I agree to put on our ' to do' list that we remove the single quotes both in
3.3.1.3 and 4.1.3.

Best regards,

Wolfgang





                                                                                                                                          
  From:       "John Pietras" <john.pietras at gst.com>                                                                                       
                                                                                                                                          
  To:         <Wolfgang.Hell at esa.int>, <css-csts at mailman.ccsds.org>                                                                       
                                                                                                                                          
  Date:       16/02/2012 23:08                                                                                                            
                                                                                                                                          
  Subject:    [Css-csts] Impossible/unenforceable return timeout peer-abort?                                                              
                                                                                                                                          
  Sent by:    css-csts-bounces at mailman.ccsds.org                                                                                          
                                                                                                                                          





Wolfgang,
In a telecon today with people who are writing requirements for SGSS, the
question arose about how the return-timeout-period managed parameter is
determined and set for SLE transfer service instances. That parameter is
defined as “the maximum time period (in seconds) permitted from when a
confirmed [operation name] operation is invoked until the return is received
by the invoker” and points to section 4.1.3, which states “for confirmed
operations, if the invoker does not receive the return from the performer
within the return-timeout-period specified by service management, the invoker
shall abort the association by invoking the XXX-PEER-ABORT operation with the
diagnostic parameter set to ‘return timeout’. I have come to the conclusion
that for all practical purposes it is a meaningless parameter.

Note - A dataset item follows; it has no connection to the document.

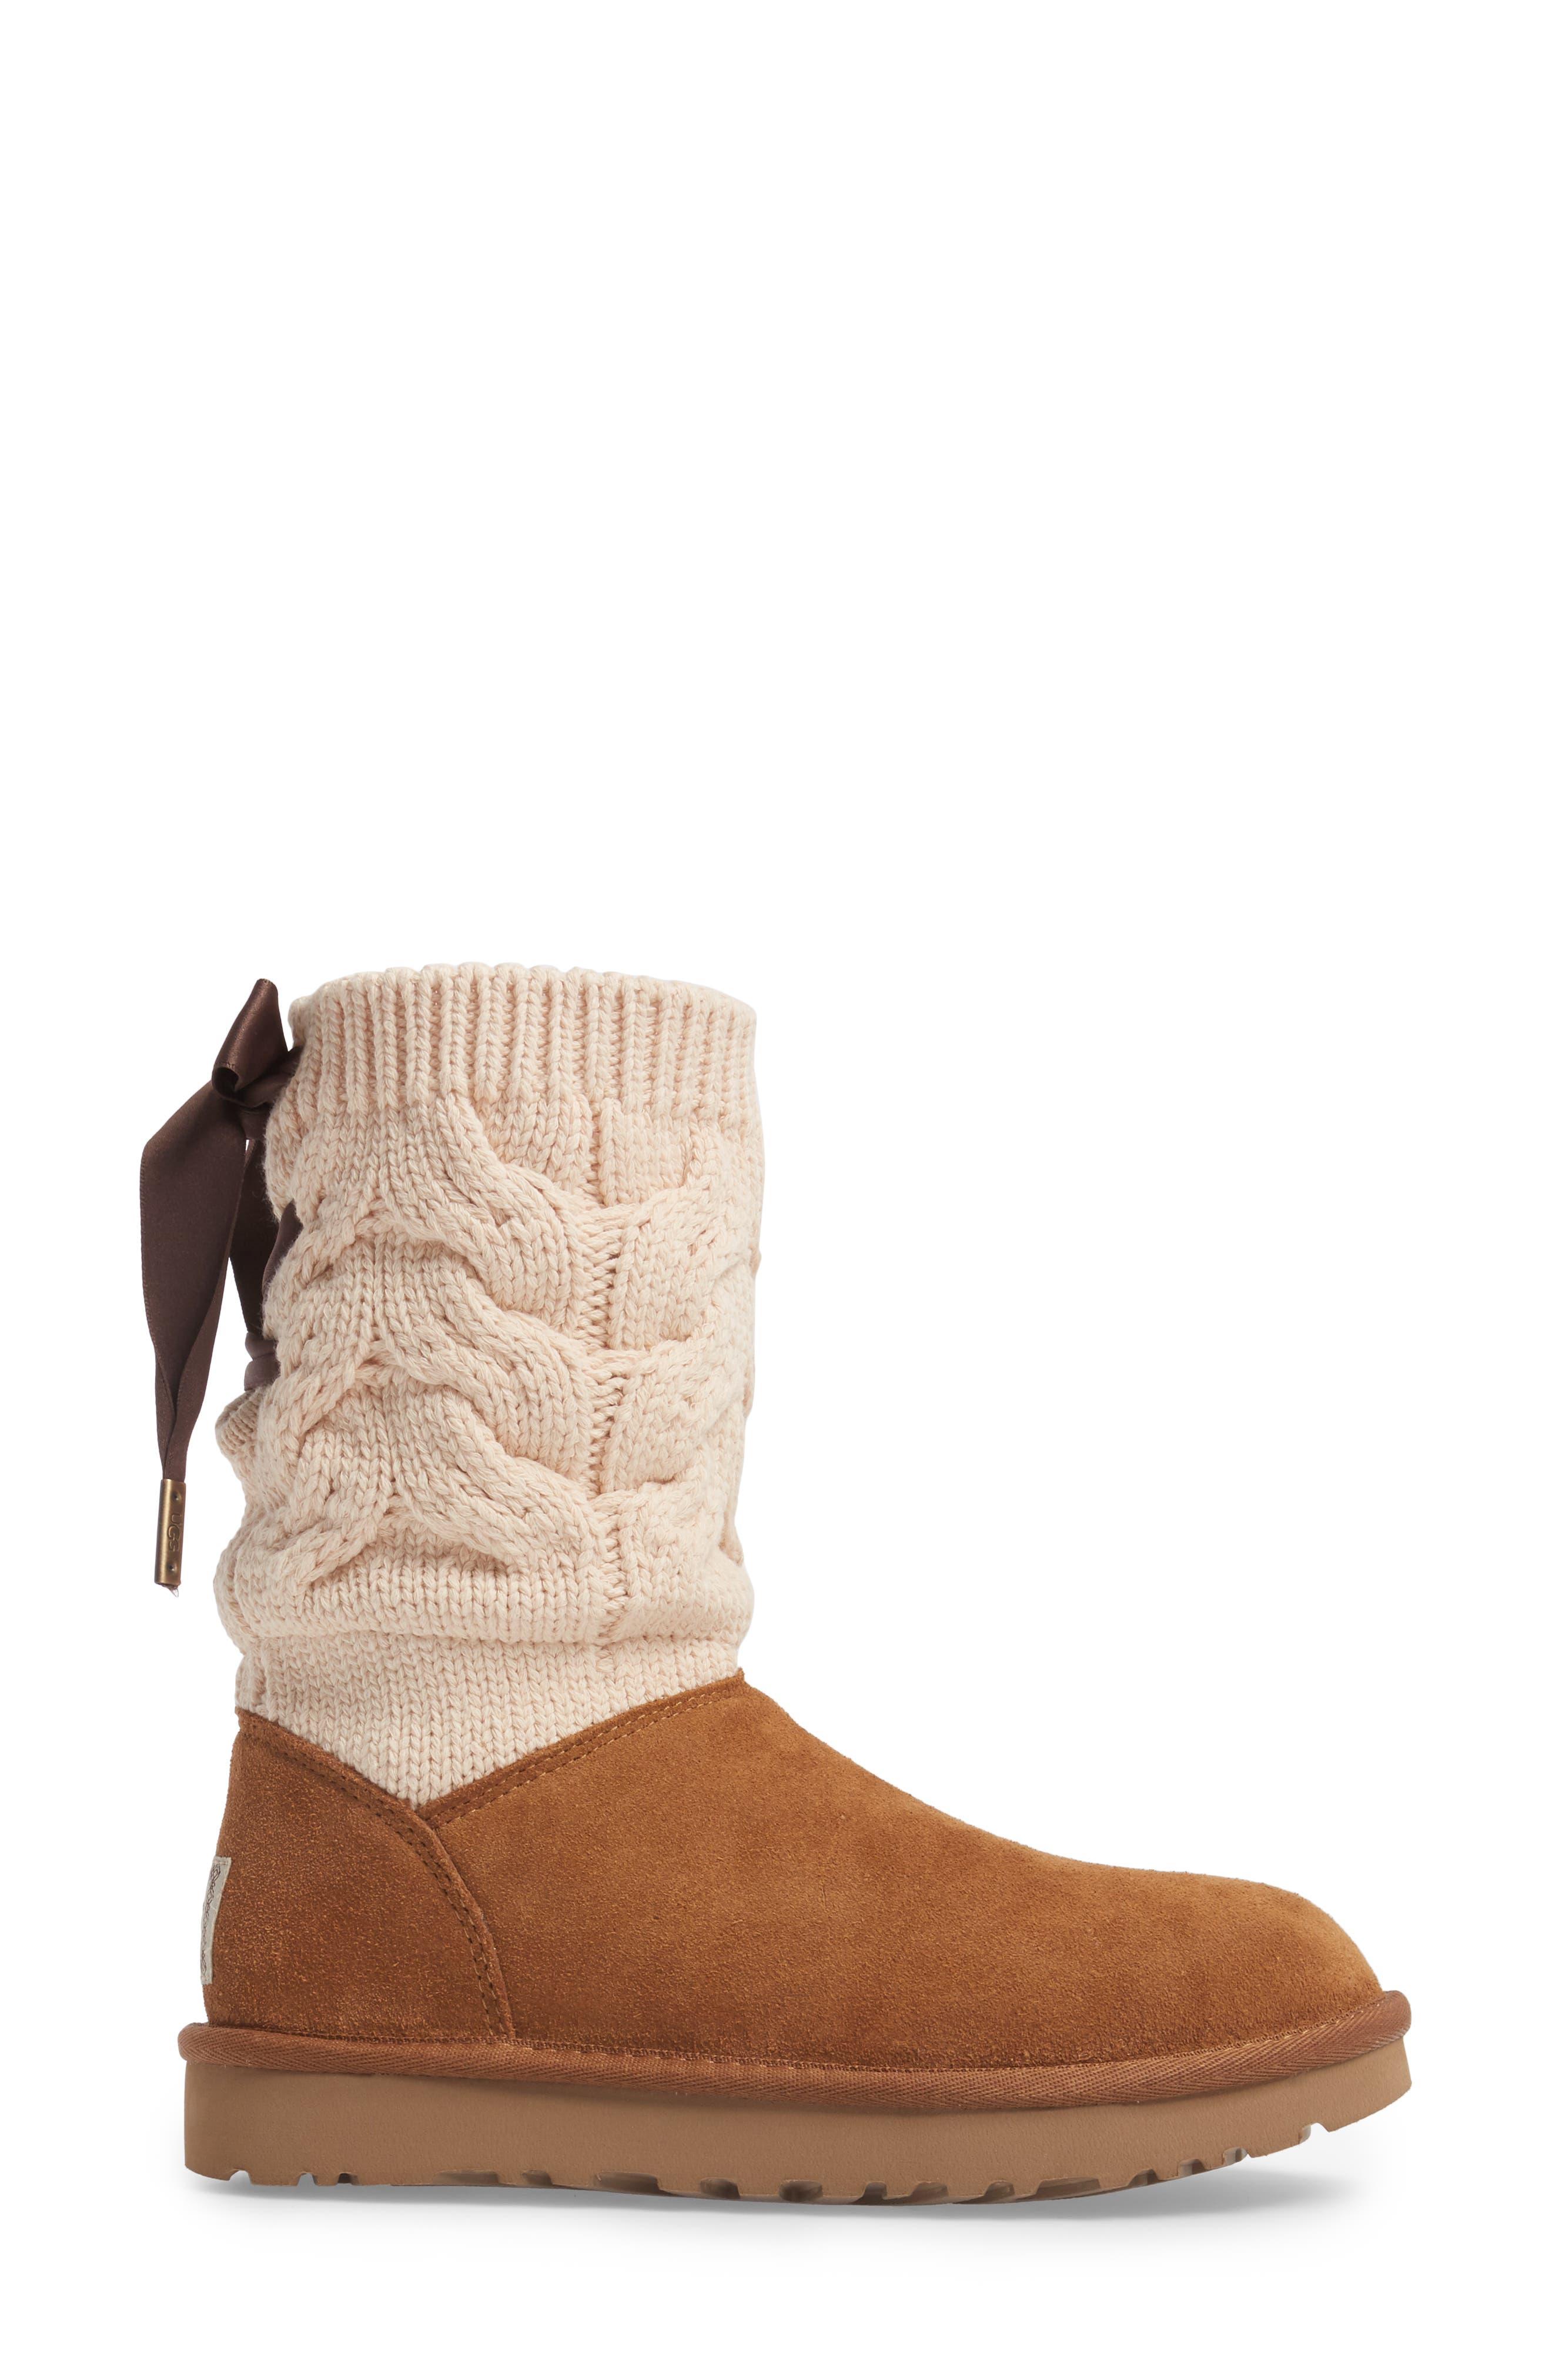 Kiandra Boot,                             Alternate thumbnail 3, color,                             Chestnut Suede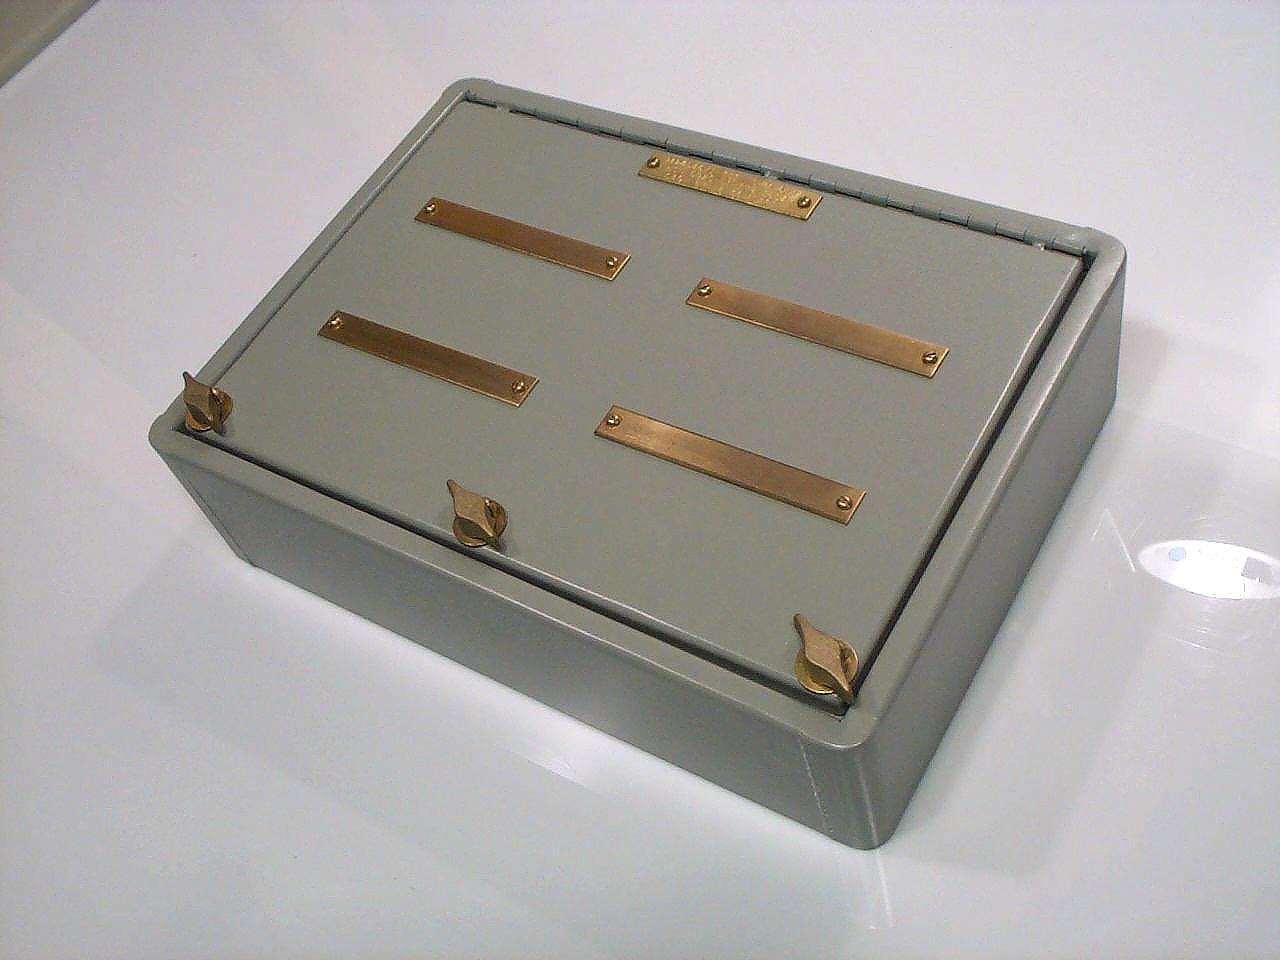 Symbol 544 Enclosed Fuse Box Sku

Let’s first consider the case of user-invoked operations. In practical terms,
the managed requirement is meaningless – the user is free to peer-abort  the
association whenever (or to *not* peer-abort if a return is not received
within a certain amount of time).

The only way that this timeout is enforceable is when it applies to a
provider-invoked confirmed operation.

For FCLTU and FSP, there are no provider-invoked confirmed operations. In the
state tables (which are specified to be for “provider behavior”), the
‘return-timeout-period-timer <n> expired’ event (row 9 in FCLTU, row 11 in
FSP) is impossible and should be removed from those states tables, and
return-timeout-period should be removed as a managed parameter.

RAF, RCF, and ROCF theoretically can have a provider-initiated BIND, and the
state tables do reflect that possibility. However, as you know, the SLE API
does not support provider-initiated binding, nor are there any known
implementations (API-based or otherwise) that support it. For SGSS in
particular, they are following the trend and supporting only user-initiated
binding. So practically speaking,  rows 1-5 of the state tables for RAF, RCF,
and ROCF are never triggered.

Am I missing something that justifies keeping this timeout for FCLTU and FSP,
and for user-initiated RCF, RAF, and ROCF service instances? Since
return-timeout-period is retrievable via the GET-PARAMETER operations, values
for these parameters are presumably being stored by the existing
implementations of SLE transfer services. Does the provider implementation do
anything with those values other than echo them back to user when requested
via GET-PARAMETER?
Finally, for all of the SLE services, the NOTE in section 3.3.1.3 uses the
phrase “’missing return’ timeout and section 4.1.3 uses the phrase “’missing
return’ event”. The single quotes around ‘missing return’ implies a formally
defined event, but there are no events so named.